We designed the ‘Swansea Fitted’ Civic Stage as a flexible platform consisting of three interconnected sections: a façade, a stage and a catwalk, which users can adapt for an endless variety of public programmes. It opens up to the green, inviting activities and events including musical performances, fashion shows, pop-up shops and exchanges. Users can also reconfigure the structure to allow local initiatives and micro-enterprises to occupy a prime urban location usually reserved for large chains and corporations.
Our design draws heavily from the area’s history as a centre for international trade. In the 19th century, Swansea was a major hub of copper smelting and production, and became known as ‘Copperopolis’, so we echoed the distinctive trunking in the hulls of copper barque ships in the sloping sides of the Civic Stage. A large proportion of the copper ore came from Valparaiso in Chile – so much so, that in the mid-19th century it was described as a ‘suburb of Swansea’! To pay tribute to this historic maritime trading relationship, we transplanted building fragments from Valparaiso’s townscape in the façade of the Civic Stage. Around the same period, local copper barons would mint their own coins as a way of paying their workforce. Honouring this early form of local currency, the Civic Stage surfaces are richly embellished with coins, each one featuring a unique design contributed by members of local community groups. Depicting local history and stories of the city that only residents could tell, these coins allow the Civic Stage to boast a tangible and permanent connection with the people of Swansea.
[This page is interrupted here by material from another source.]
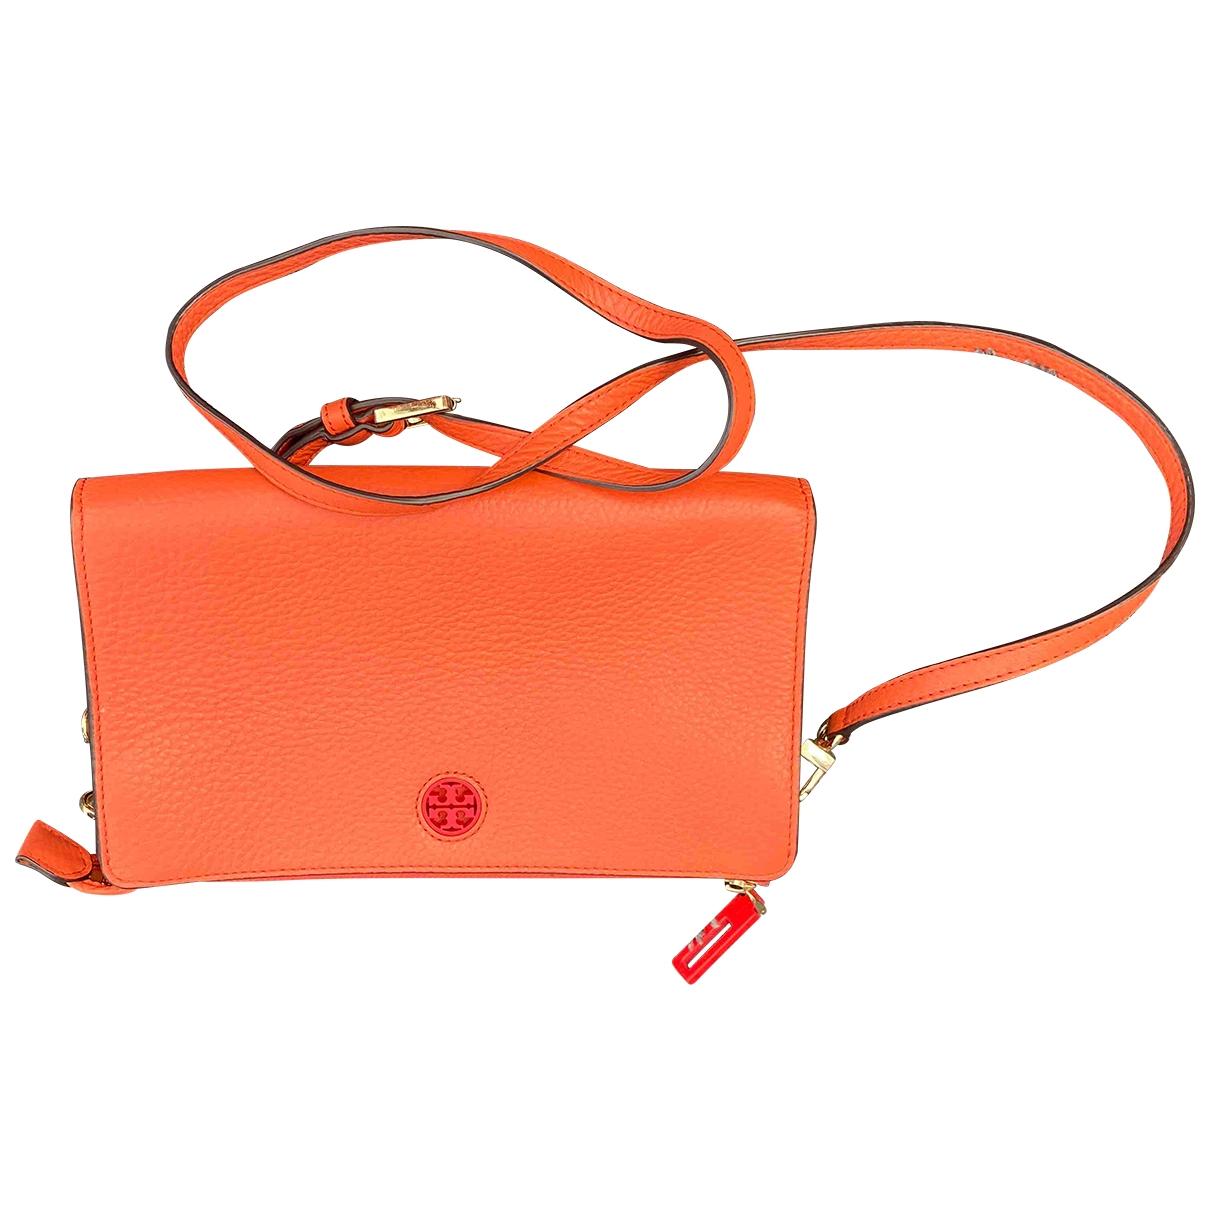 Tory Burch \N Clutch in  Orange Leder
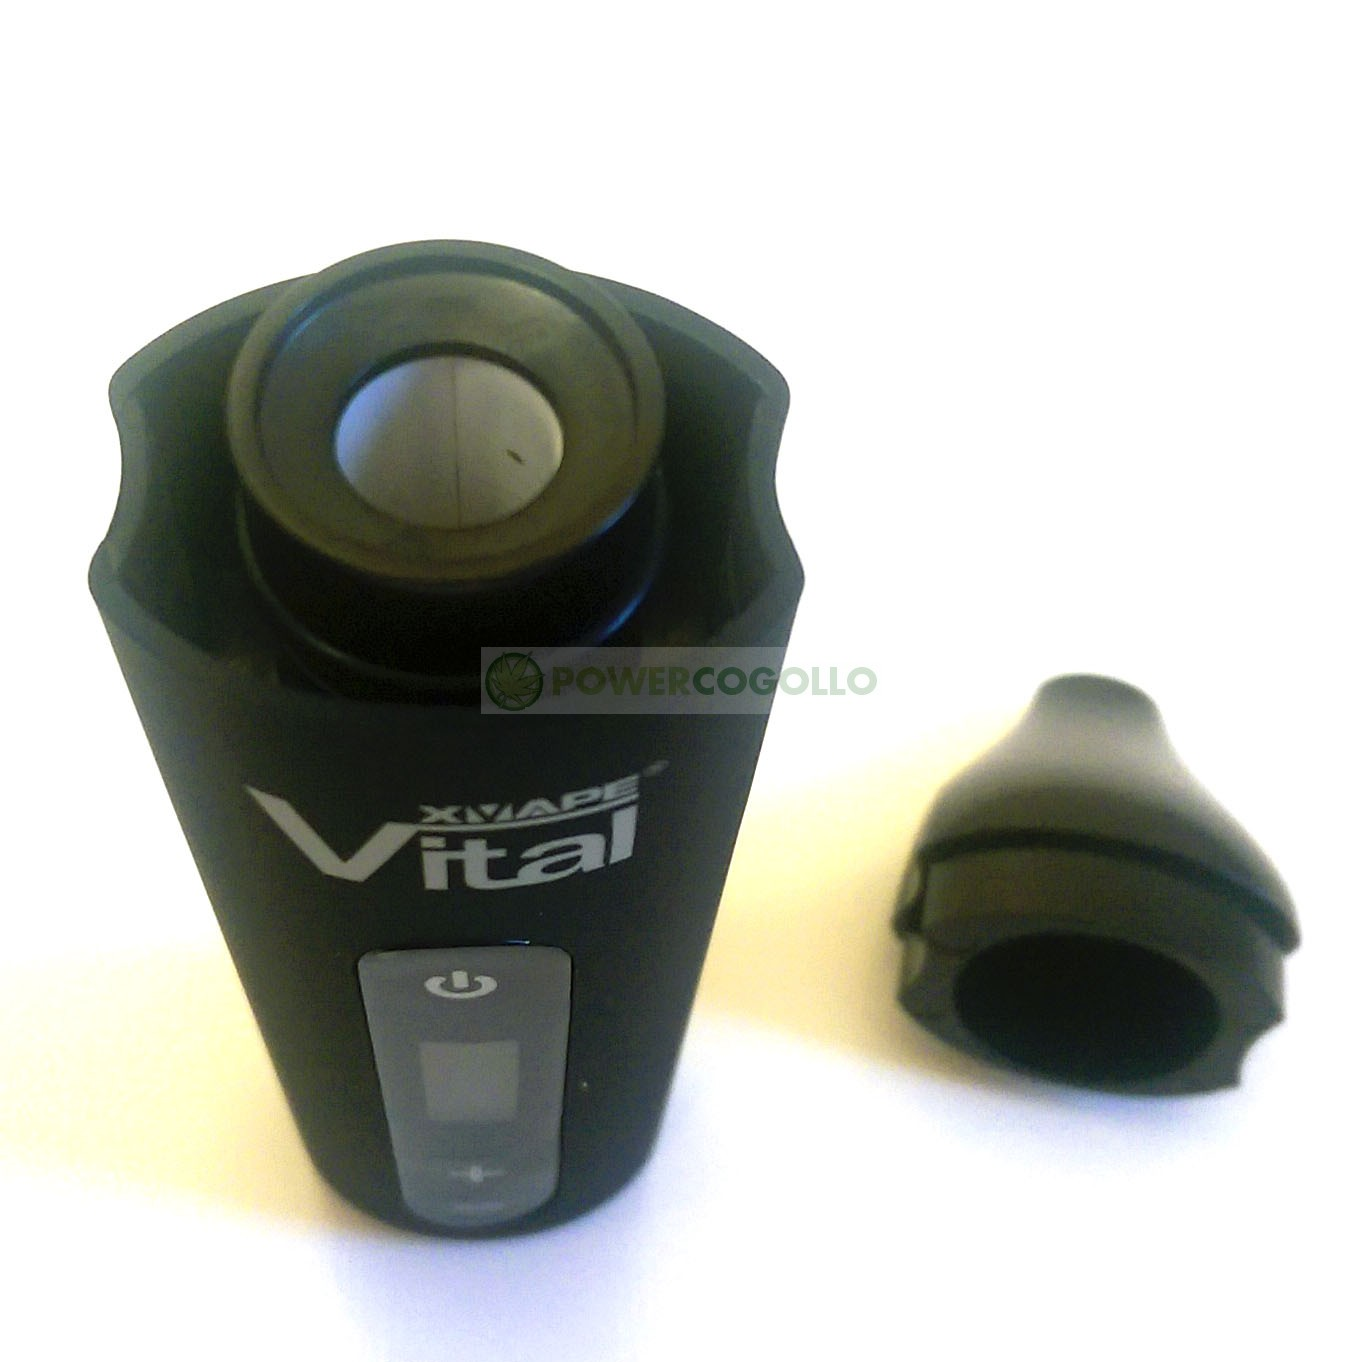 Vaporizador Vital (ºCelsius) Portátil Barato 5

Clad in stainless steel sheeting and painted to give a uniformly bright appearance against the surrounding Georgian architecture, the construction techniques also harked back to the area’s boat- and ship-building heritage. The Civic Stage was entirely manufactured in Wales, using local skills and expertise.
“Throughout the design, fabrication and implementation phases, Aberrant showed an understanding of the wider aims and objectives of the Client and worked with the Project Team to ensure that the artwork helped to achieve these. They also took into account the various constraints and considerations that the Council and its partners and funders (including the Wales European Funding Office as part of the Waterfront City regeneration programme, the Arts Council for Wales and private developers) must operate under. Aberrant’s innovative and people-centred approach has ensured that the final artwork meets and exceeds the original brief, has engendered public and stakeholder buy-in, will be delivered on time and within budget and complements Swansea’s cityscape. Therefore, Addo have no hesitation in recommending Aberrant Architecture.”